Later this month, money managers, pension funds, brokers, banks and other participants in the foreign-exchange market will be asked to sign off on an FX Global Code of Conduct that industry sources said will result in more information to assess execution quality and trading cost.
However, more information won't necessarily translate into better execution or cost savings for pension funds and other asset owners that will continue to have the responsibility for monitoring their FX trades, they said.
“The real takeaway from the code is "buyer/seller beware,'” said James Singleton, founder and CEO of Curex Group Holdings LLC, a New York-based FX execution services and data analytics provider. “It's not focused enough on the resolution of conflict and fairness ... If I'm an asset owner or a buy-side manager, what does the code do for me other than warn me?”
Added Alex Dunegan, CEO and founder, Lumint Currency Management, Boston, “It's a good start, but with these principles — and they're good principles — you have to have some teeth and be able to enforce this. There's a lot of leeway in there. It'd be difficult for a pension fund or an endowment to look at what a manager or custodian or broker does and say that they're sure the code is being followed.”

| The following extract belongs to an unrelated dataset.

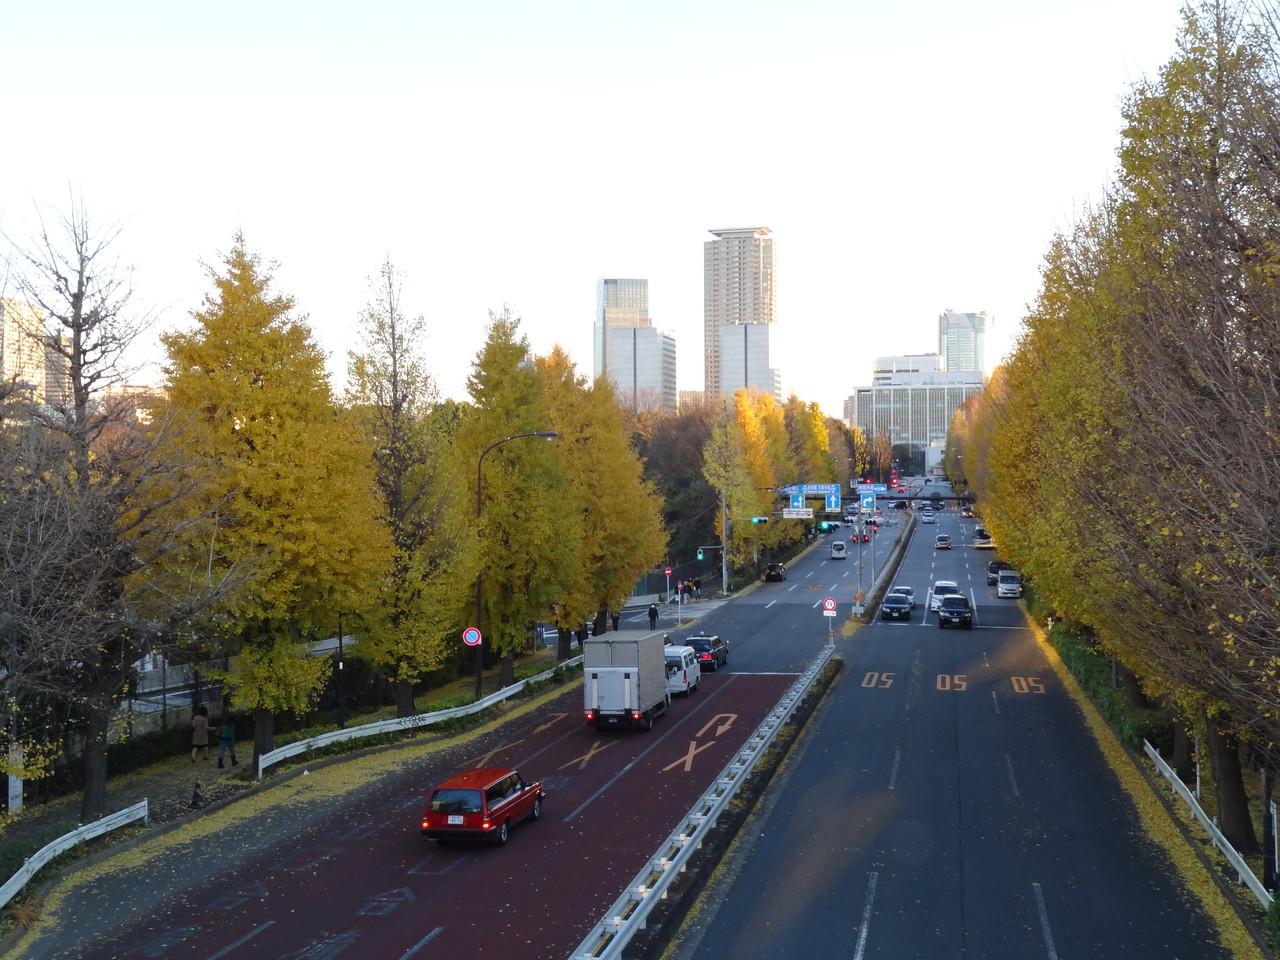 信濃町駅前より外苑東通り青山通り方面を望む、左奥明治記念館、その先東宮御所

A final version of the code is scheduled to be released May 25. According to a final draft provided to Pensions & Investments, the code will have six principles for the FX industry:
- Ethical behavior, to avoid conflicts of interest;
- A governance framework for market participants, including internal oversight and controls by signatories;
- Fair and transparent execution of trades;
- Guidelines for what data can be disclosed and what must be held confidential, such as client information;
- Risk management and compliance, with regular reporting and maintenance of robust compliance mechanisms; and
- Efficient and transparent confirmation and settlement processes.